During pneumoperitoneum and reverse-Trendelenburg positioning, both high CVP and MSFP are associated with a low sublingual microcirculatory perfusion even when macrocirculation is restored. An high CVP was related to the poor microcirculatory flow perfusion during the pneumoperitoneum of operation. The venous return at the level of macrocirculation could be restored during pneumoperitoneum with fluids and NE, while the microcirculatory perfusion was still impaired.
Appendix 1 Validation of the operating room microcirculatory flow score
For validation of the scoring system we compared the interobserver agreement between the three different observers. Observer number 1 was considered to be the reference because it was the investigator with more experience in microcirculatory imaging acquisition technique with sidestream dark field (SDF). Agreement of observers number 2 and 3 compared to observer number 1 is described below:
Agreement observer 1 and 2
Number of observed agreements was 11 (91.67% of the observations). Number of agreements expected by chance was 4.8 (40.28% of the observations). Kappa =0.860 [standard error (SE) of kappa =0.134; 95% confidence interval: 0.598 to 1.000]. The strength of agreement is considered to be “very good”.

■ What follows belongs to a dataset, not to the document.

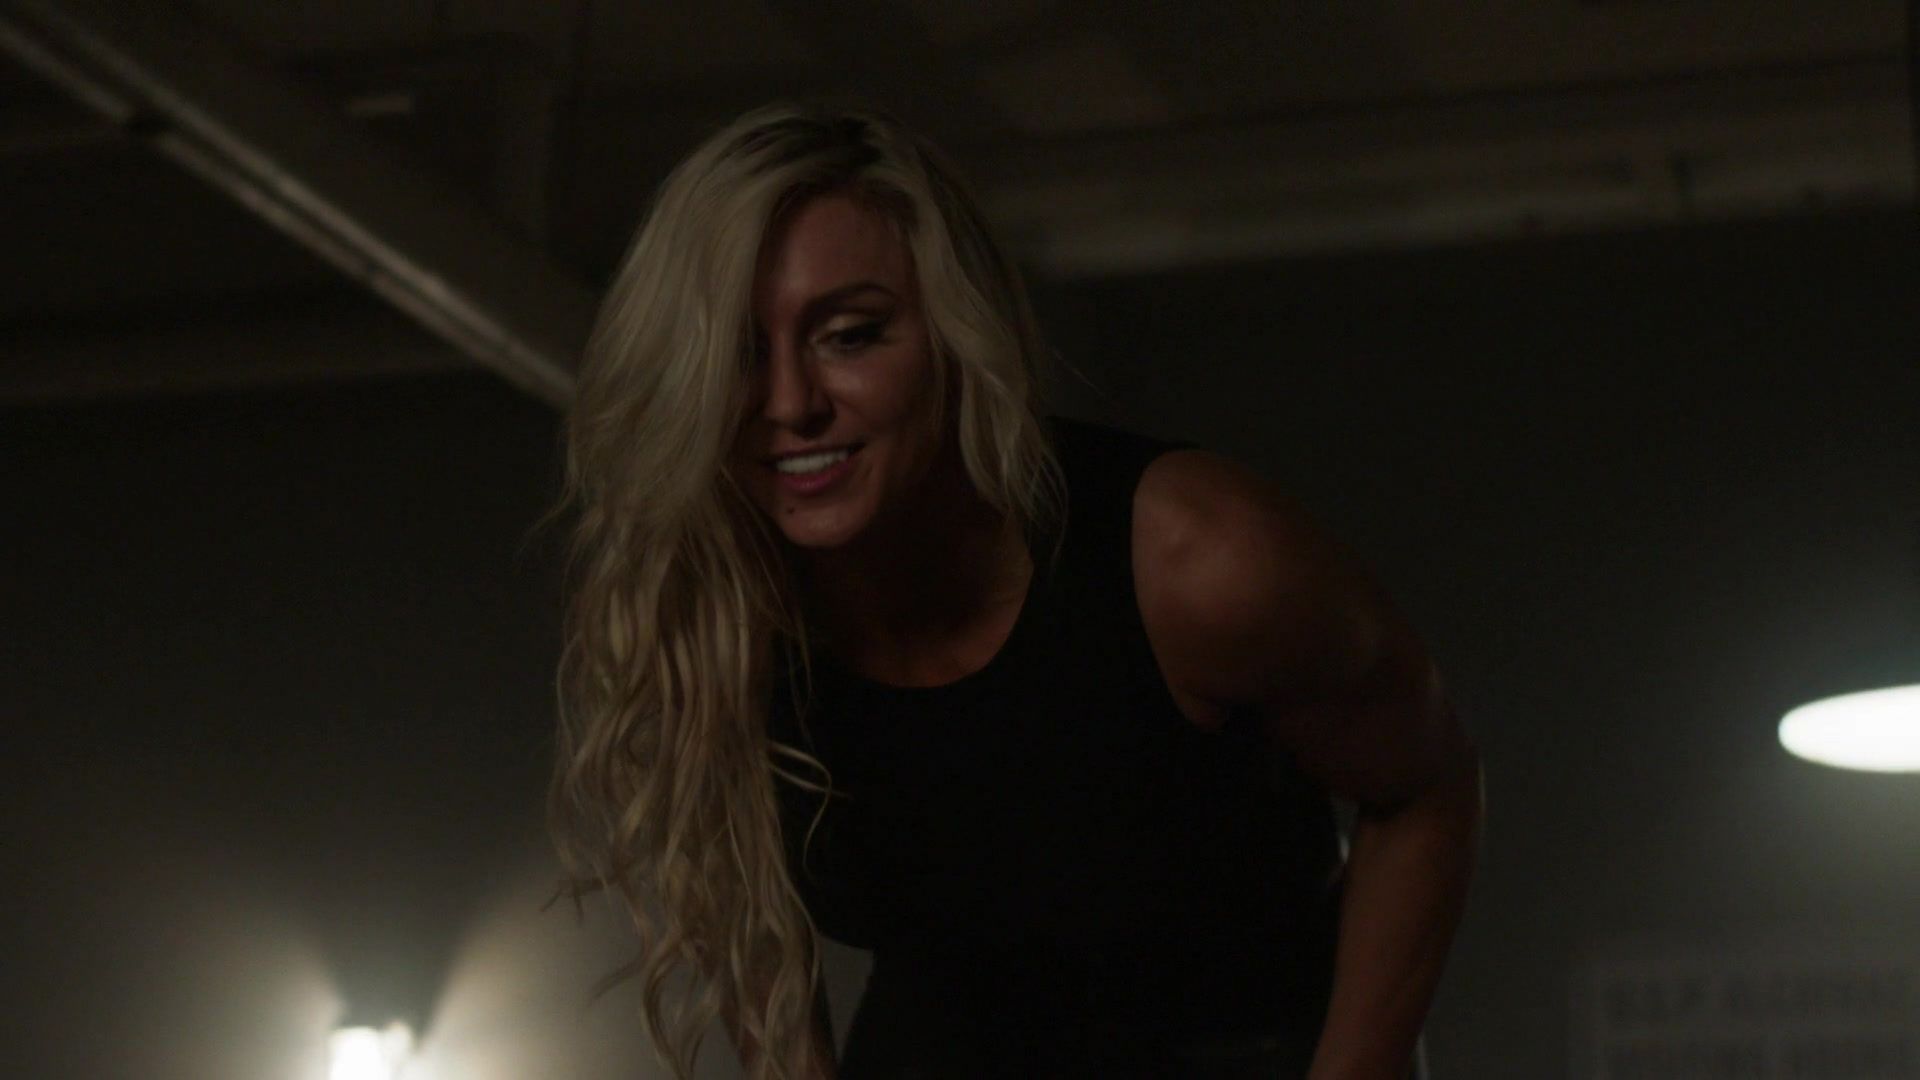 Charlotte Flair made her acting debut in 2017

Agreement observer 1 and 3
Number of observed agreements was 10 (83.33% of the observations). Number of agreements expected by chance: 5.0 (41.67% of the observations). Kappa =0.714 (SE of kappa =0.180), 95% confidence interval: 0.361 to 1.000). The strength of agreement is considered to be “good”. The weighted kappa is 0.750. The strength of agreement is considered to be “good”.
Funding: H He received a fund from China Scholarship Council (No. 201608110082) and the Organization Department of Beijing Municipal Committee (No. 2015000020124G072).
Conflicts of Interest: DP Veelo and MW Hollmann have received support [contract was made, under name: quality improvement project, Academic Medical Center (AMC)] from Edwards regarding a different project but for the same patient population. Funders were not involved in any activities regarding this study. DP Veelo, SS Gisbertz and MI van Berge Henegouwen have done consultancy work for Edwards in light of a different project. C Ince has developed SDF imaging and is listed as inventor on related patents commercialized by MicroVision Medical (MVM) under a license from the AMC. He has been a consultant for MVM in the past, but has not been involved with this company for more than 5 years now, except that he still holds shares. The other authors have no conflicts of interest to declare.
Ethical Statement: The local ethical committee (Academic Medical Center, Amsterdam, The Netherlands) approved the protocol and the need to obtain written informed consent was waived (Academic Medical Center, registration number 2014_002).